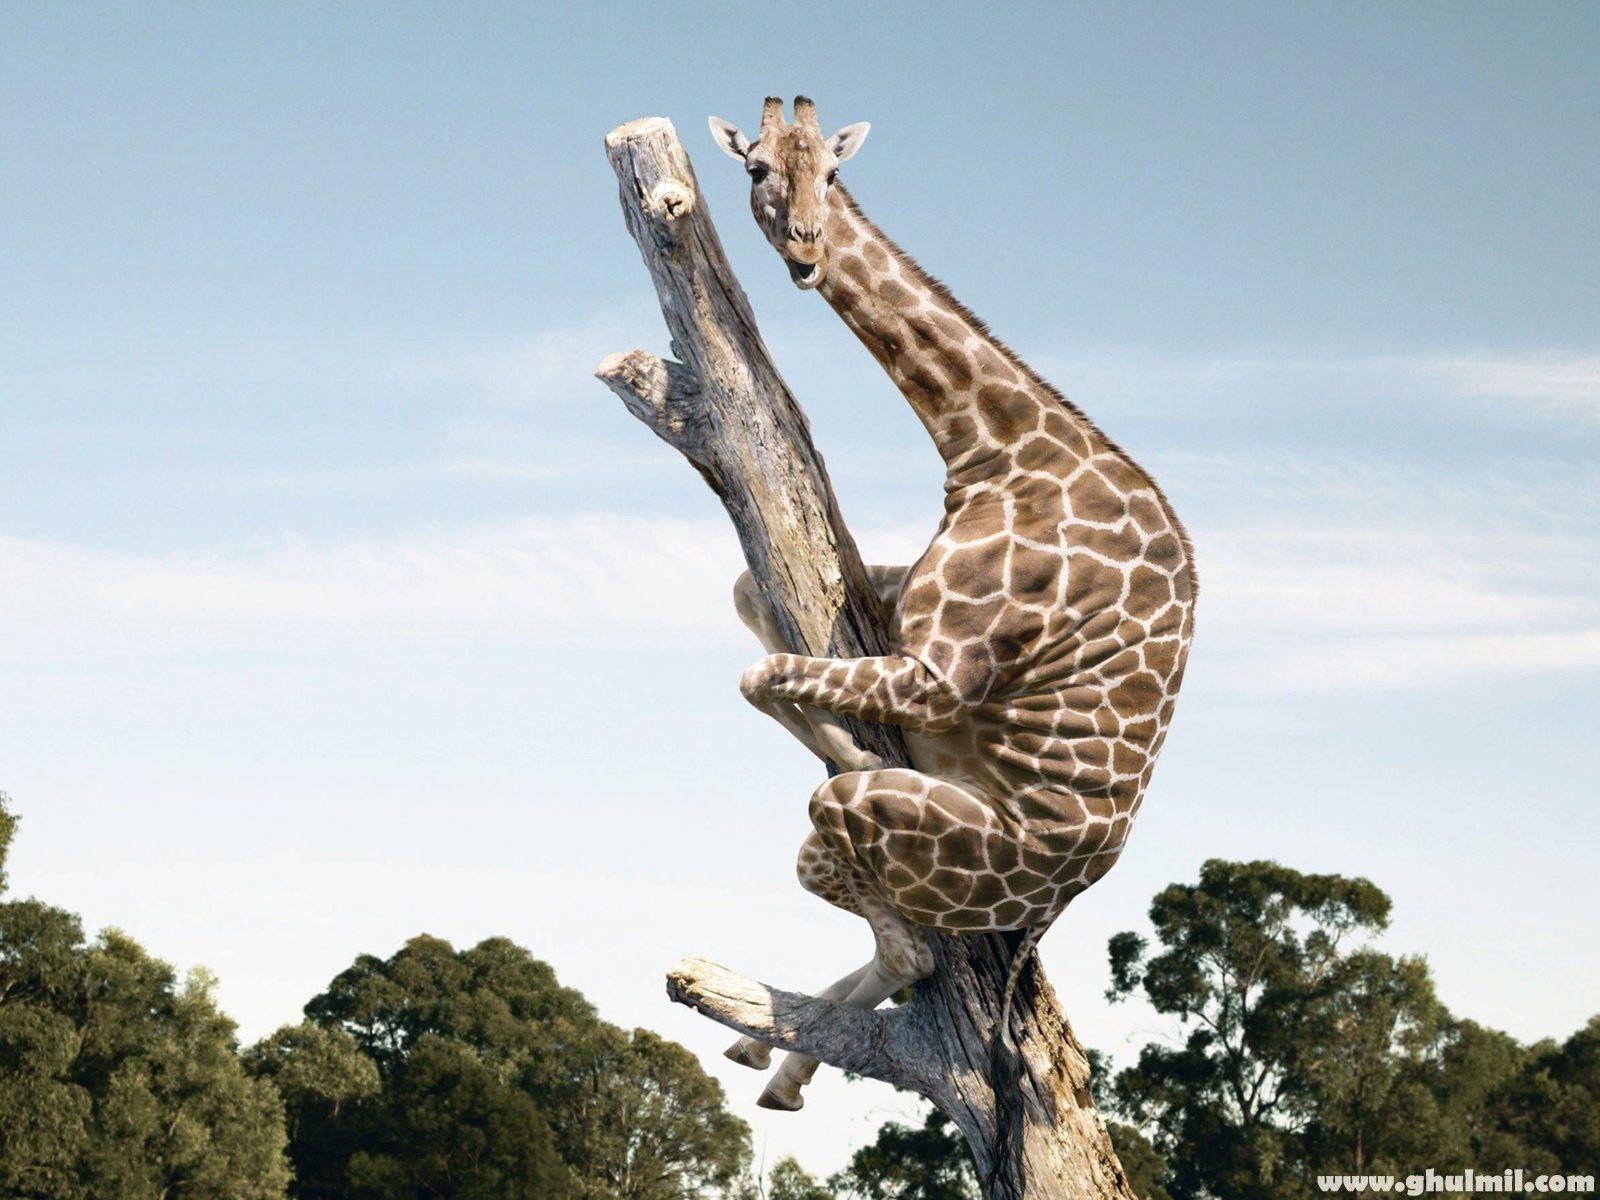 Giraffe Wallpapers Wallpaper
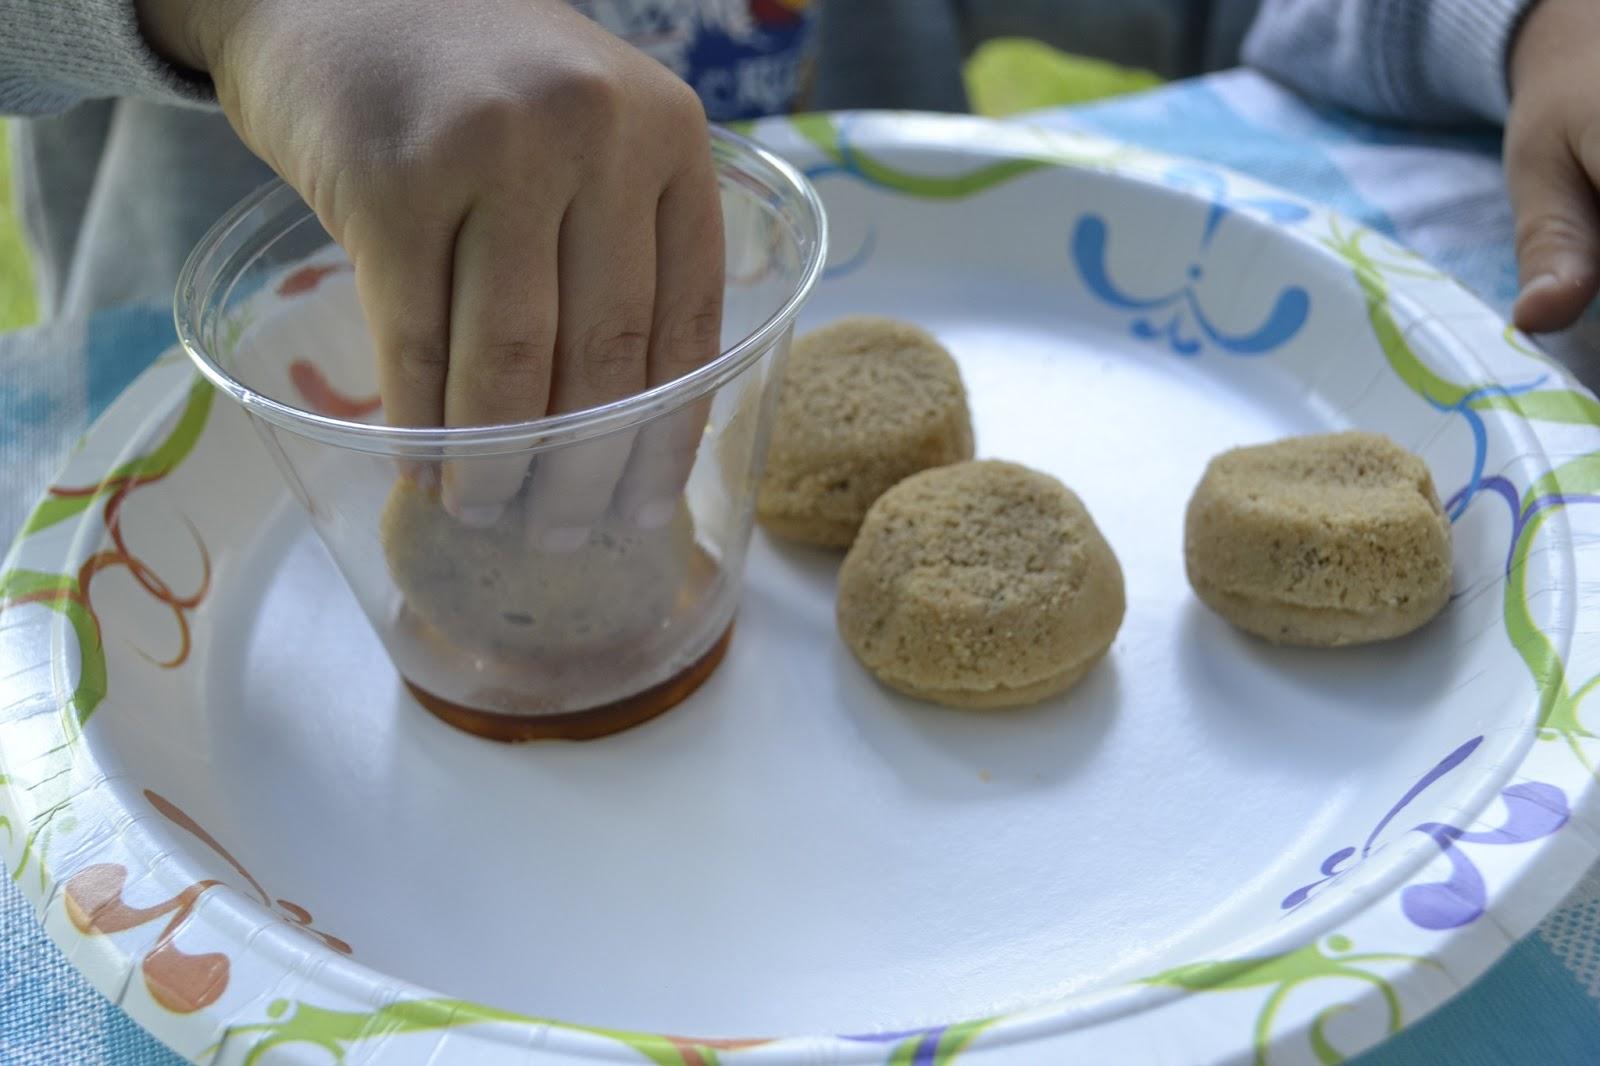 #glutenfree #dairyfree #eggfree #pancake #muffins
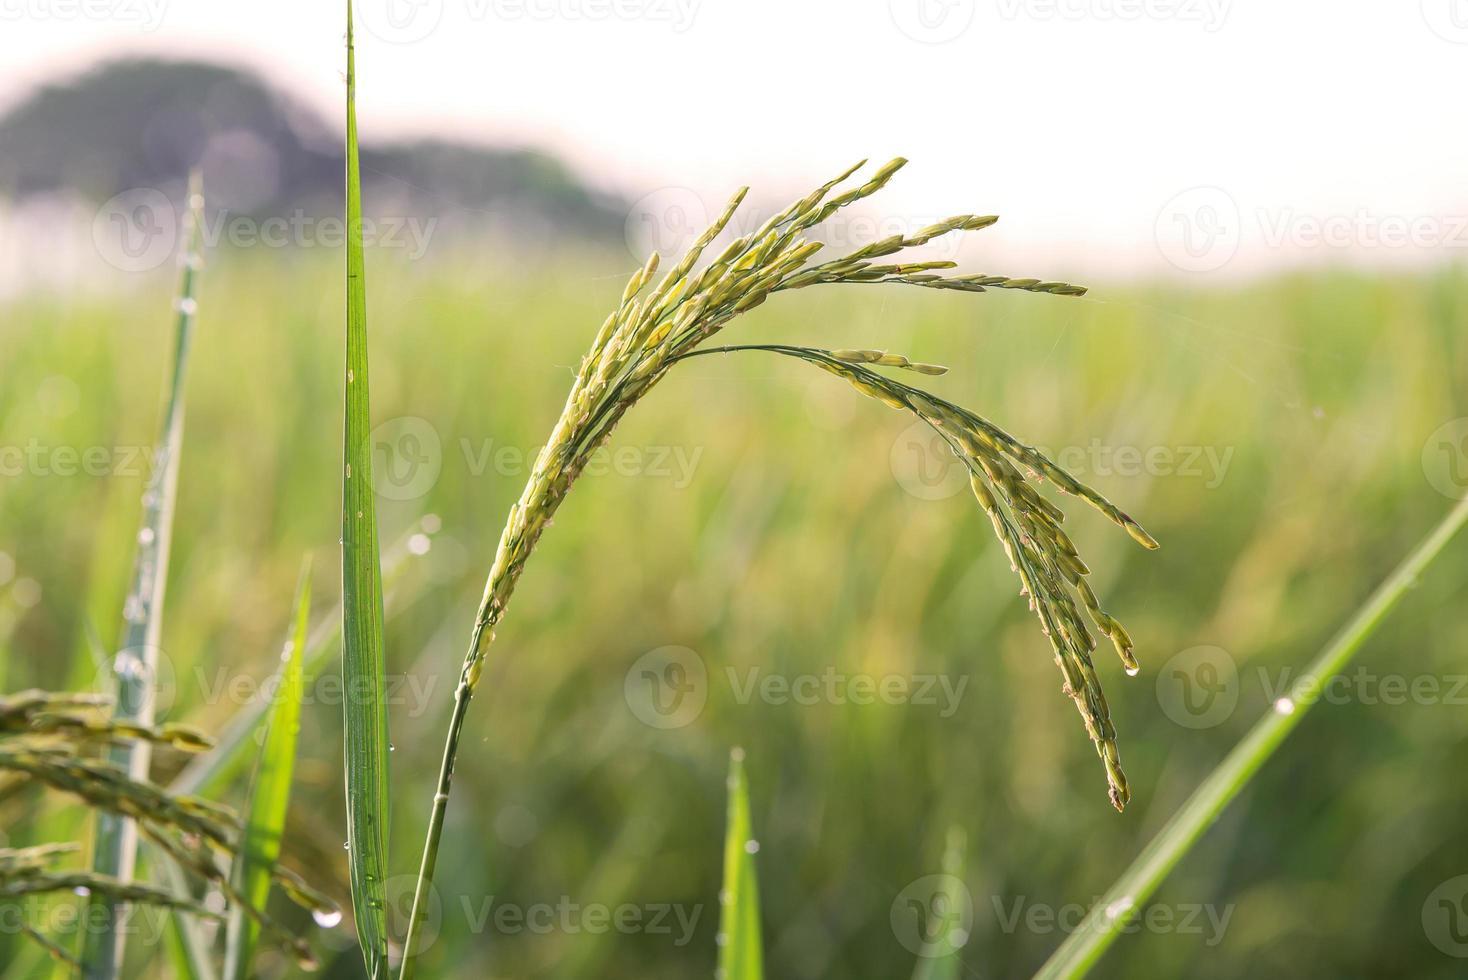 picco di riso foto

☆ ☆ ☆

- WHAT TO DO:
When an image appears in the data, skip it and output the rest exactly.

- RESULT:
 Giraffe Wallpapers Wallpaper
 #glutenfree #dairyfree #eggfree #pancake #muffins
 picco di riso foto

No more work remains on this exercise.